In step 420, upon user selection of a suggested search in the set of alternative search terms 110, a search may be performed on that set of query refinements. In step 422, results from searching on the set of alternative search terms 110 may be presented, and a further set of alternative search terms 110 may be generated and presented. In embodiments, it may be noted that any of the alternative search logic 118 may be performed independently, or in a nested or repeated fashion, with different types or classes of refinement being applied in one or more sequence. In step 424, processing may repeat, return to a prior processing point, proceed to a further processing point or end.
The foregoing description of the invention is illustrative, and modifications in configuration and implementation will occur to persons skilled in the art. For instance, while the invention has generally been described in terms of a search service 114 apply alternative search logic 118 hosted in a single site or resource, in embodiments the alternative search logic 118 may be extensible and distributed amongst separate local or remote services, machines or resources.
Similarly, while the invention has in embodiments been described as illustratively operating on search input 108 received via a search service 114 which may be located on the Internet, in embodiments the search service 114 or other search engine or search logic may be located, accessed or hosted in other public or private network or other online resources. Moreover, while in embodiments the invention has been generally described as directly operating on the user's most recently inputted search terms 108, in embodiments the invention may operate across more than one query or query session generated by the user. In that regard, a prior input of the term “Toyota” may cause the alternative search logic 118 to select different, automobile-related terms for a subsequent entry of the term “Ford”, for example.
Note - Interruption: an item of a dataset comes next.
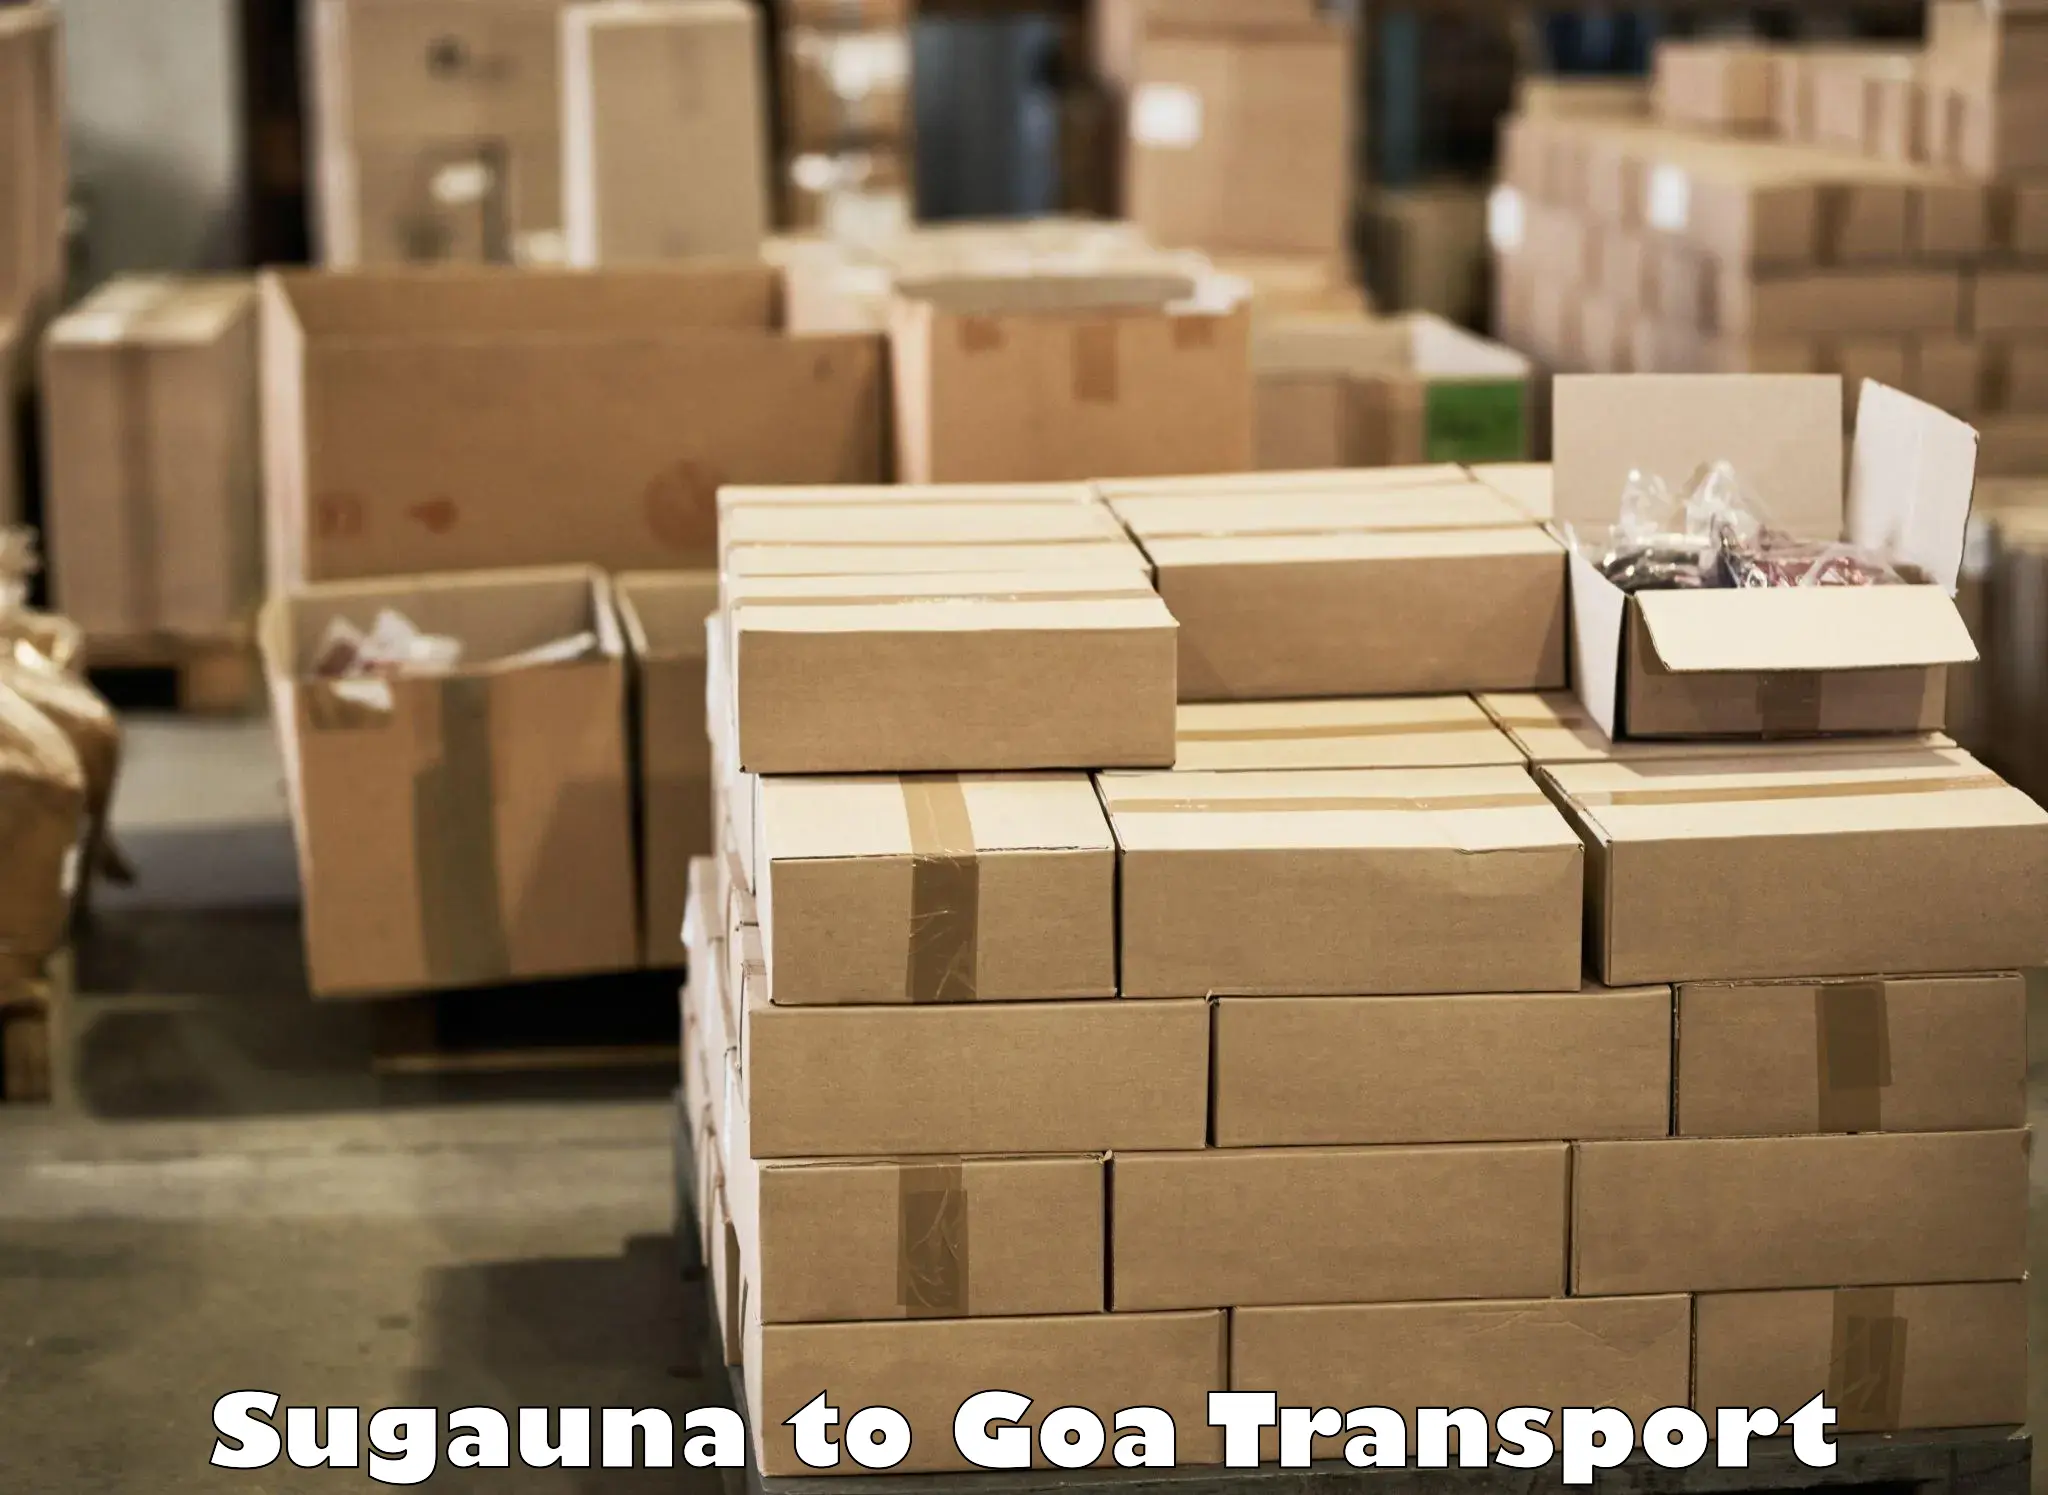 Transport in sharing Sugauna to Goa
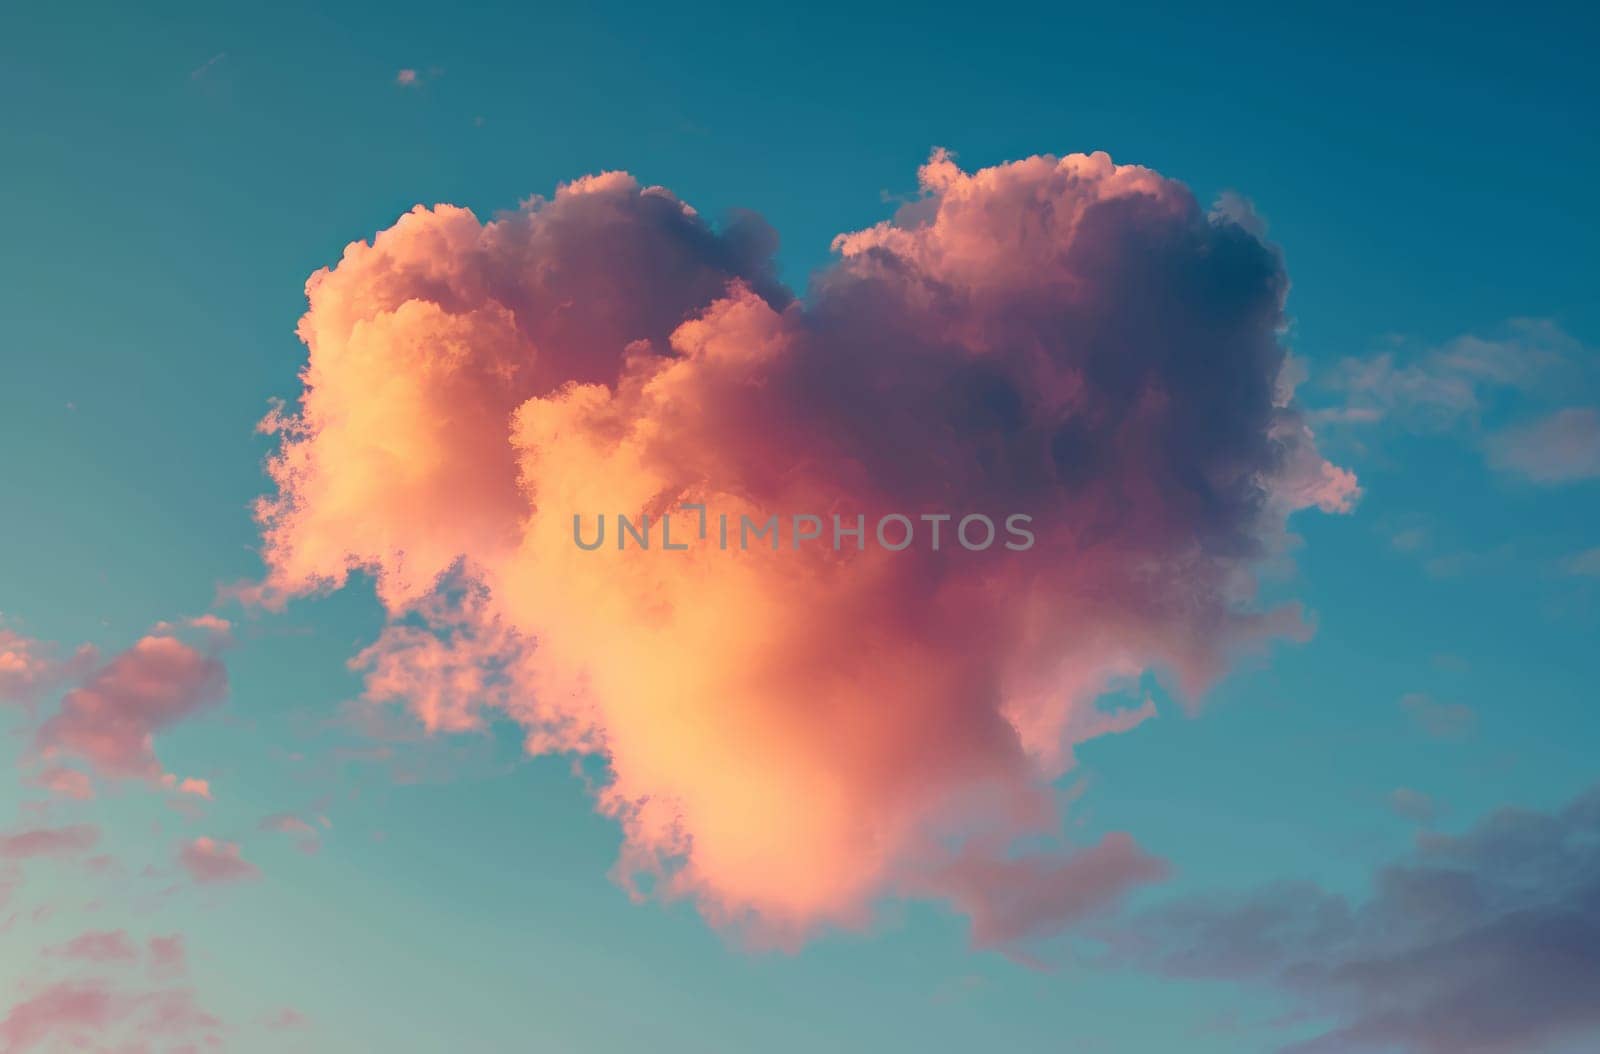 Heart-Shaped Cloud in the Sky by gcm

Further, in embodiments again the search logic or engine may for example be hosted in, and execute on client 102 itself, for instance to search the client machine's hard drive, optical or other storage on an offline or local basis. Other hardware, software or other resources described as singular may in embodiments be distributed, and similarly in embodiments resources described as distributed may be combined. Further, while the invention in embodiments has been generally been described as receiving the search input 108 from a user at client 102 or otherwise, in embodiments the search input 108 may be received from other automated, direct, indirect, stored, offline, batched or other sources. The scope of the invention is accordingly intended to be limited only by the following claims.